A common theme across the financial outlook is the depreciation of local currencies against the U.S. dollar, especially in most ASEAN and Plus Three countries, excluding Japan. In terms of monetary policy responses, while Indonesia has chosen to increase interest rates in a bid to stabilize its currency, most other central banks have largely maintained a status quo approach. The prolonged period of high U.S. interest rates could potentially extend the fiscal contraction phase in the ASEAN and Plus Three region, possibly delaying the onset of economic recovery.
Delving into specific country forecasts, AMRO predicts that for 2024, China will see a growth rate of approximately 5.3%, Japan at 0.5%, and South Korea at 2.5%, whereas the overall ASEAN growth rate is forecasted to be 4.8%. More granularly, the six major ASEAN economies will experience varied growth rates, with Vietnam leading at 6.3%, followed closely by the Philippines at 6.1%, Indonesia at 5.2%, Malaysia at 4.7%, Thailand at 2.7%, and Singapore at 2.4%.

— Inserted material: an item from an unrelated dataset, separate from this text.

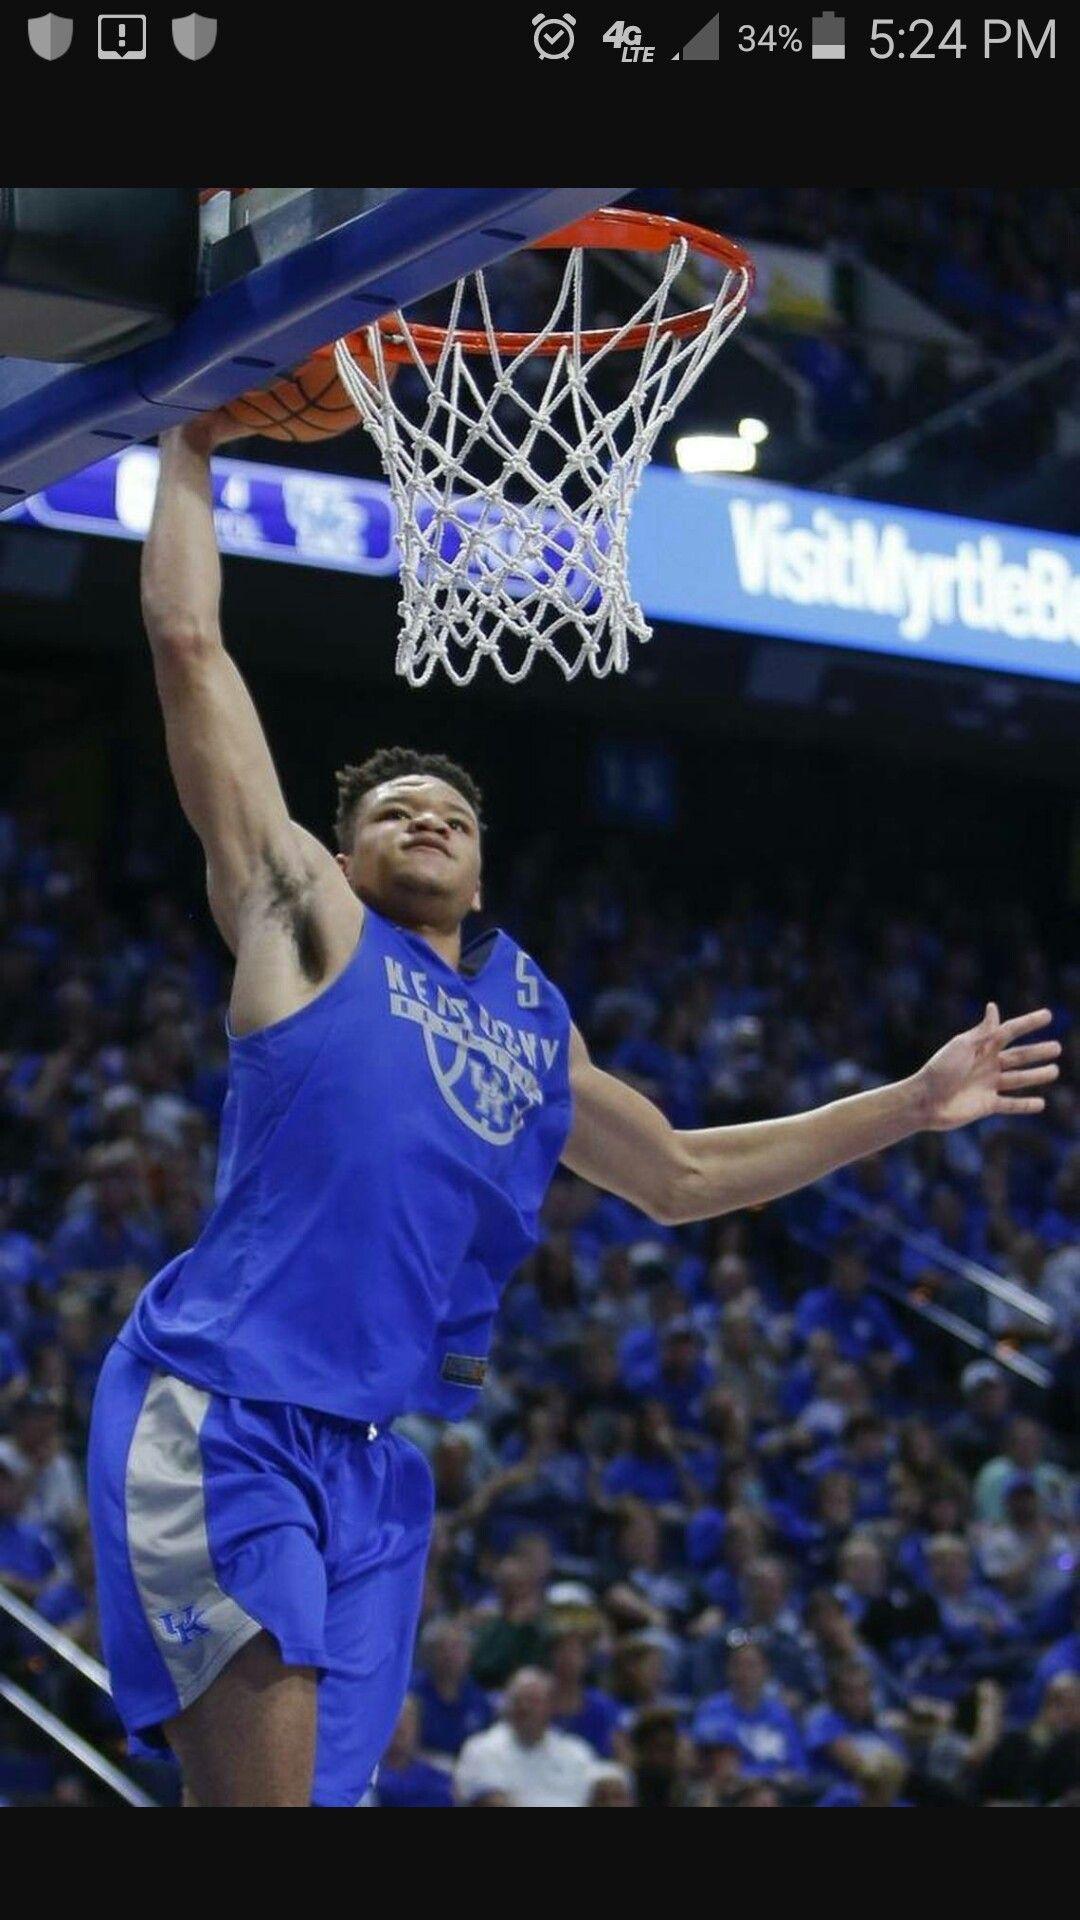 Blue white scrimmage Go big blue, Kentucky basketball

On the inflation front, AMRO has downgraded its forecasts for the region from a previous estimate of 2.5% to 2.1% for 2024, primarily due to lower-than-expected increases in food prices and imported inflation, with the exceptions of Myanmar and Laos. The report suggests that with several countries well-prepared to align interest rate policies with the Federal Reserve's trajectory, central banks within the region have felt little necessity to enact rate cuts given the context of strong domestic growth and lower inflation rates.
AMRO anticipates a general inflation level of 5% across the ASEAN and Plus Three region for 2024, with the ASEAN countries foreseen to experience an inflation rate of approximately 6.3%. Breaking it down further by country, China is expected to maintain a relatively low inflation rate of 0.8%, while Japan and South Korea will both hover around 2.4%. The remaining six ASEAN economies are projected to see inflation rates of 3.8% in Vietnam, 3.3% in the Philippines, 2.8% in Singapore, 2.7% in Indonesia, 2.3% in Malaysia, and a minimal 0.7% in Thailand.
An interesting analysis notes that while the region benefits from a favorable set of circumstances, it remains susceptible to various factors that could influence or potentially reverse this positive economic growth trajectory. These include intensifying geopolitical tensions, soaring global commodity prices, reinforcing trade protectionism, a slowdown in growth from major economies, and the potential resurgence of inflation. Such dynamics underline the necessity for increased cooperation among ASEAN and Plus Three countries, fostering collaborative efforts to achieve respective economic targets.